Iterating an Array in Python using the brentq Func

2019-06-12 09:52发布

问题:

I am having trouble iterating every element of an array using the brentq function. q in the defined function below is a FITS file array, and we are using every element in this array as inputs to run through the brentqfunction in order to solve for T.

Essentially, my problem lies in not particularly knowing where or how to implement the appropriate for loop to iterate the function over every element of q.

Any suggestions on how to go about this problem?

def f(T,q,coeff1,coeff2,coeff3):
    return q*const3 - ((exp(const2/T)-1)/(exp(const/T)-1))

a = brentq(f, 10, 435.1, args=(q,4351.041,4262.570,0.206))
print a

newhdu = fits.PrimaryHDU(a)
newhdulist = fits.HDUList([newhdu])
newhdulist.writeto('Temp21DCOT.fits')

Further explanation: The basis of what I'm trying to do is to use brentq to solve for temperature values using the intensity values of our initial array (our FITS file).

The equation is derived from a ratio of two wavelengths of Plank's Equation, so q = B_1/B_2 if we want to be true to physics, where every element in q are intensity values. brentq would solve this analytically insolvable equation for T (temperature) for every element in q, and make a new temperature array of the same size as q. In other words, I am trying to solve for the temperature of every pixel in a FITS file using Plank's Equation.

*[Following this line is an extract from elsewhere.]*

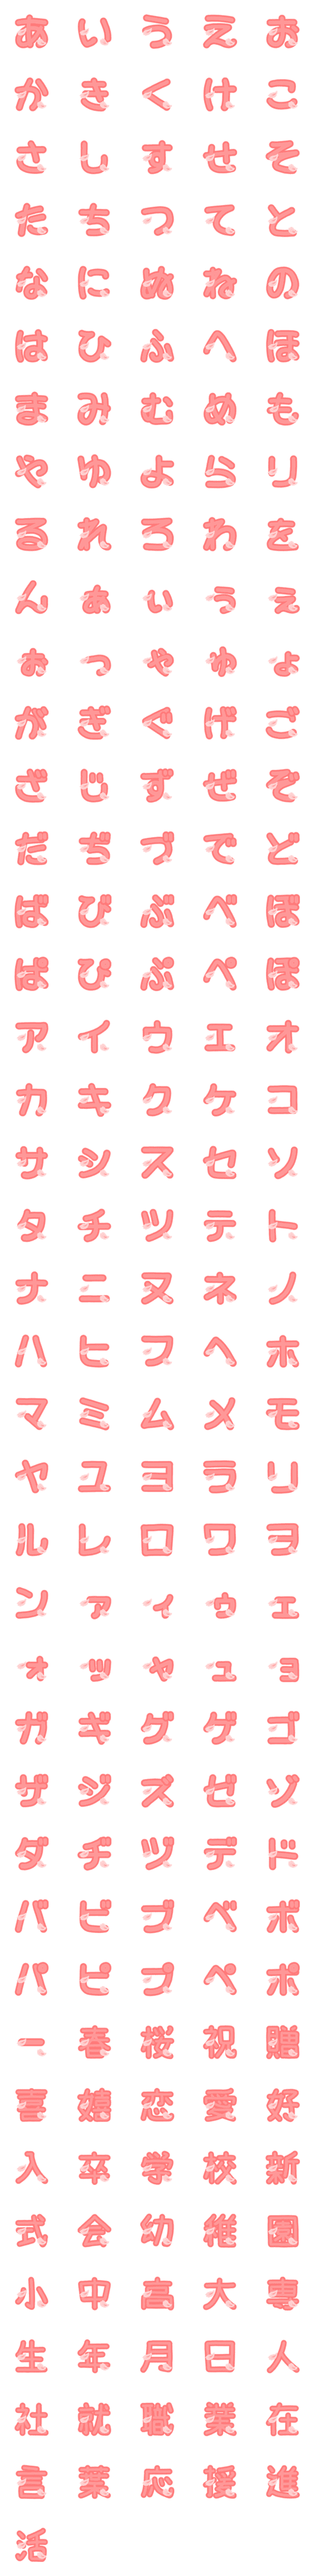 [LINE絵文字]桜の花びら舞い散る動くひらカタ漢★絵文字の画像一覧

Note: I re-posted this to clarify the problem in a more efficient manner.

回答1:

Are you having problems with iteration, or with efficiency?

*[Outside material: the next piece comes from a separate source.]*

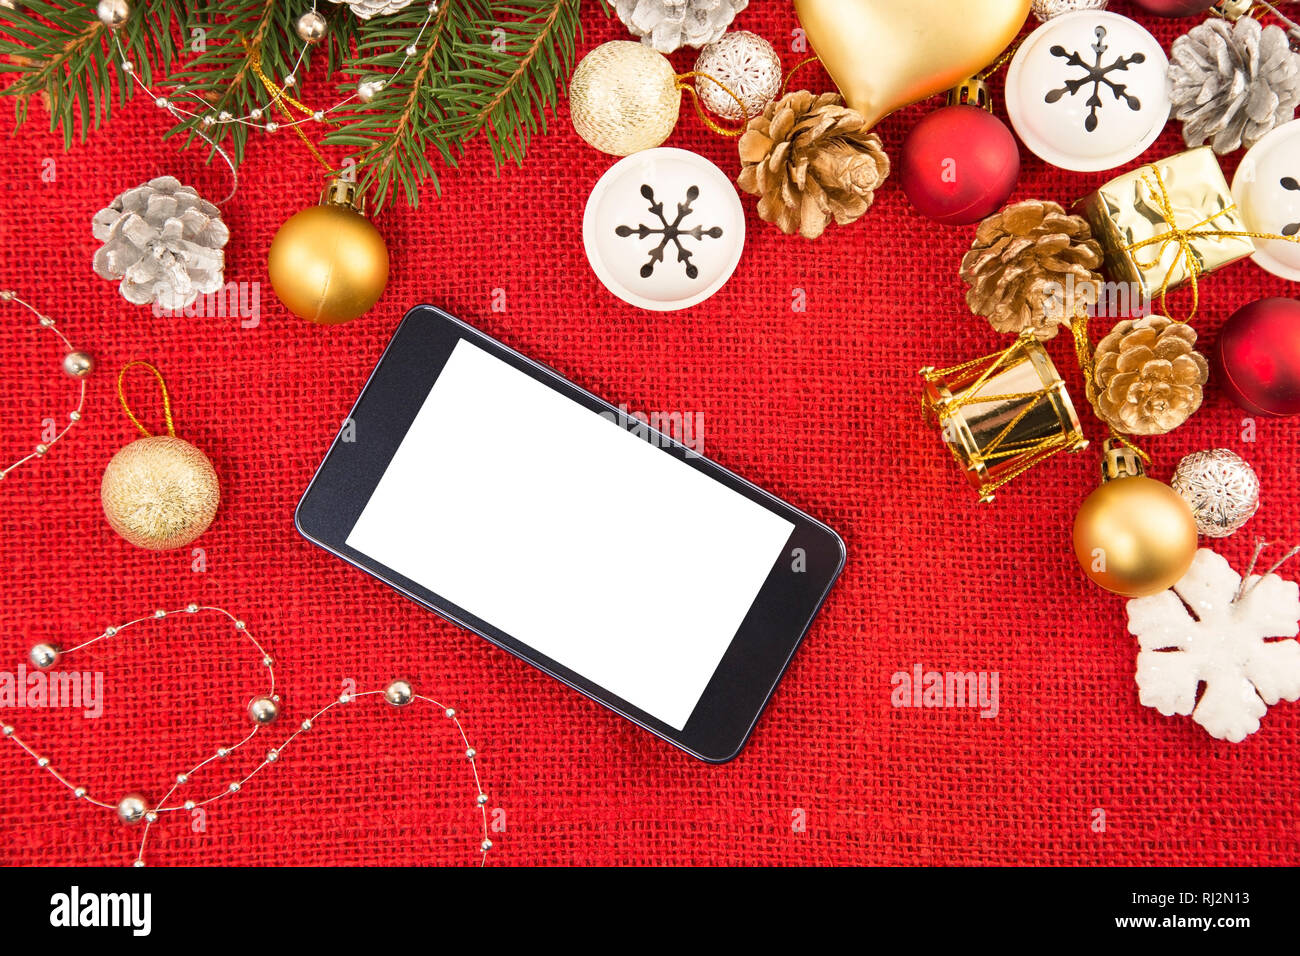 Handy Und Das Weihnachten Dekoration Auf Einem Roten Sackleinen Hintergrund Stockfotografie Alamy

This iteration works for me:

In [485]: from scipy import optimize

In [486]: def f(T,q,coeff1,coeff2,coeff3):
        return q*coeff3 - ((np.exp(coeff2/T)-1)/(np.exp(coeff1/T)-1))
        # corrected the coeff use

In [487]: q=np.linspace(1,3,10)
# q range chosen to avoid the different signs ValueError

In [488]: A=[optimize.brentq(f, 10, 435.1, args=(i,4351.041,4262.570,0.206),full_output=True) for i in q]

In [489]: A
Out[489]: 
[(55.99858839149886, <scipy.optimize.zeros.RootResults at 0xa861284c>),
 (64.14621536172528, <scipy.optimize.zeros.RootResults at 0xa861286c>),
 (72.98658083834341, <scipy.optimize.zeros.RootResults at 0xa861288c>),
 (82.75638321495505, <scipy.optimize.zeros.RootResults at 0xa86128ac>),
 (93.73016750496367, <scipy.optimize.zeros.RootResults at 0xa86128cc>),
 (106.25045004489637, <scipy.optimize.zeros.RootResults at 0xa86128ec>),
 (120.76612665626851, <scipy.optimize.zeros.RootResults at 0xa861290c>),
 (137.88917389176325, <scipy.optimize.zeros.RootResults at 0xa861292c>),
 (158.4854607193551, <scipy.optimize.zeros.RootResults at 0xa861294c>),
 (183.82941862839408, <scipy.optimize.zeros.RootResults at 0xa861296c>)]

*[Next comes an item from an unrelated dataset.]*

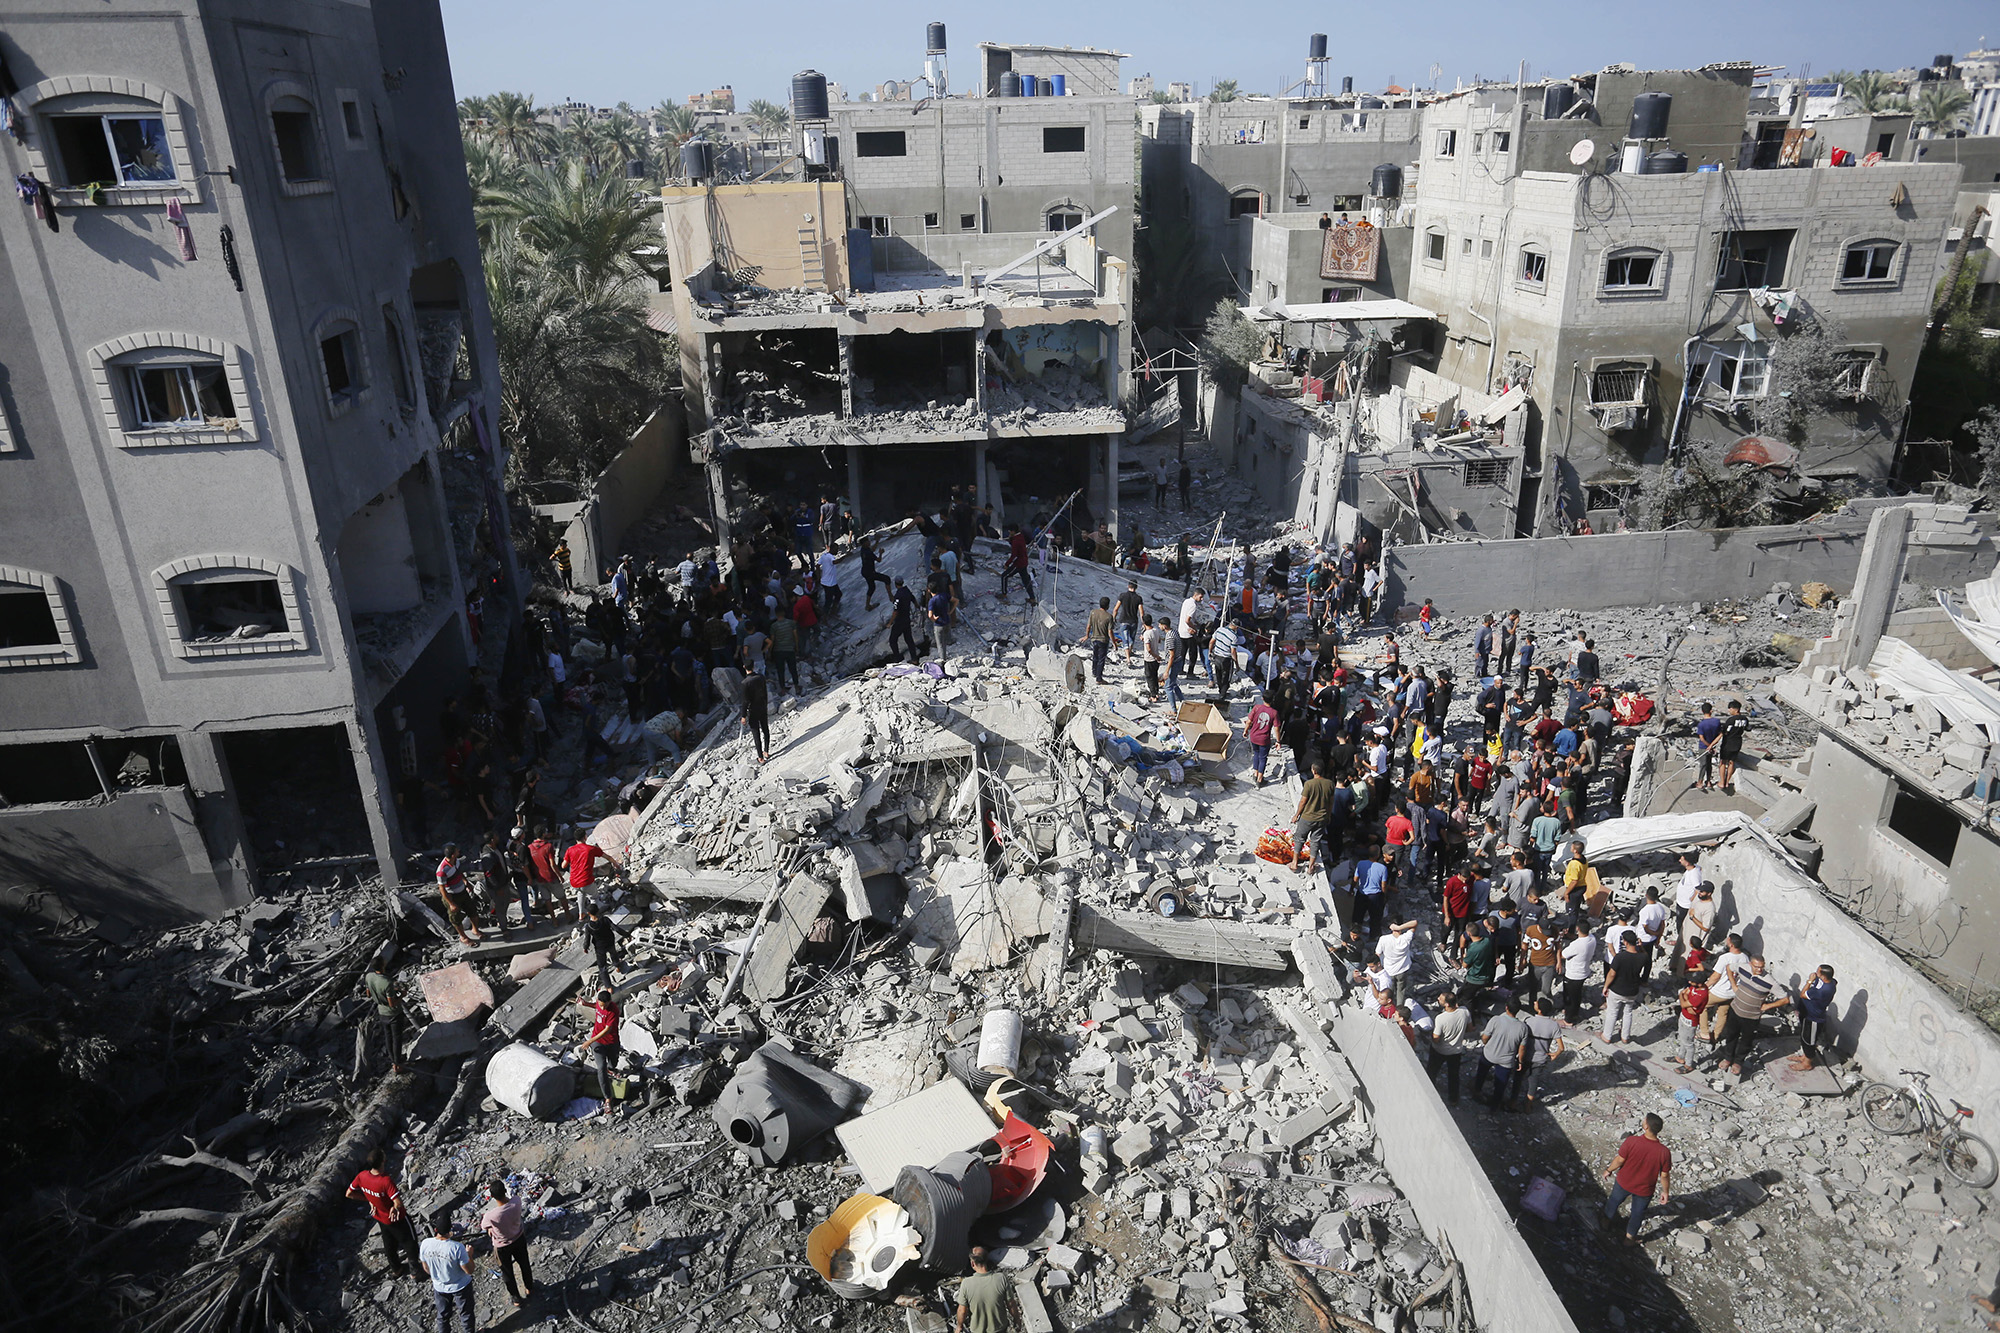 Continúan los esfuerzos para rescatar a los palestinos atrapados bajo los escombros de un edificio destruido por un ataque israelí en Deir Al Balah, Gaza, el 9 de noviembre. (Crédito: Ashraf Amra/Anadolu/Getty Images)

In [490]: [a[1].iterations for a in A]
Out[490]: [8, 9, 10, 10, 10, 10, 10, 9, 8, 10]

In the brentq docs f returns one value, for one set of args. There are some solvers, such as the ode ones, that let you define a function that takes a vector variable, and returns a matching vector derivative. It doesn't look like this root finder allows that. So you are stuck with iterating over the args values, and solving for each case. I wrote the iteration as a list comprehension. Other iteration formats are possible (for loop etc). We might even be able the wrap this brentq call in a function that could be passed through np.vectorize. But that is still going to be a iteration with minor time savings.


There are various ways of handling a multidimensional array. One simple one is to flatten the input, do the 1d iteration, and then reshape the result. For example:

In [517]: q1=q.reshape(2,5)

In [518]: q1
Out[518]: 
array([[ 1.        ,  1.22222222,  1.44444444,  1.66666667,  1.88888889],
       [ 2.11111111,  2.33333333,  2.55555556,  2.77777778,  3.        ]])

In [519]: np.array([optimize.brentq(f, 10, 435.1, args=(i,4351.041,4262.570,0.206)) for i in q1.flat]).reshape(q1.shape)
Out[519]: 
array([[  55.99858839,   64.14621536,   72.98658084,   82.75638321,
          93.7301675 ],
       [ 106.25045004,  120.76612666,  137.88917389,  158.48546072,
         183.82941863]])

I left off the full_output flag, since that adds complications.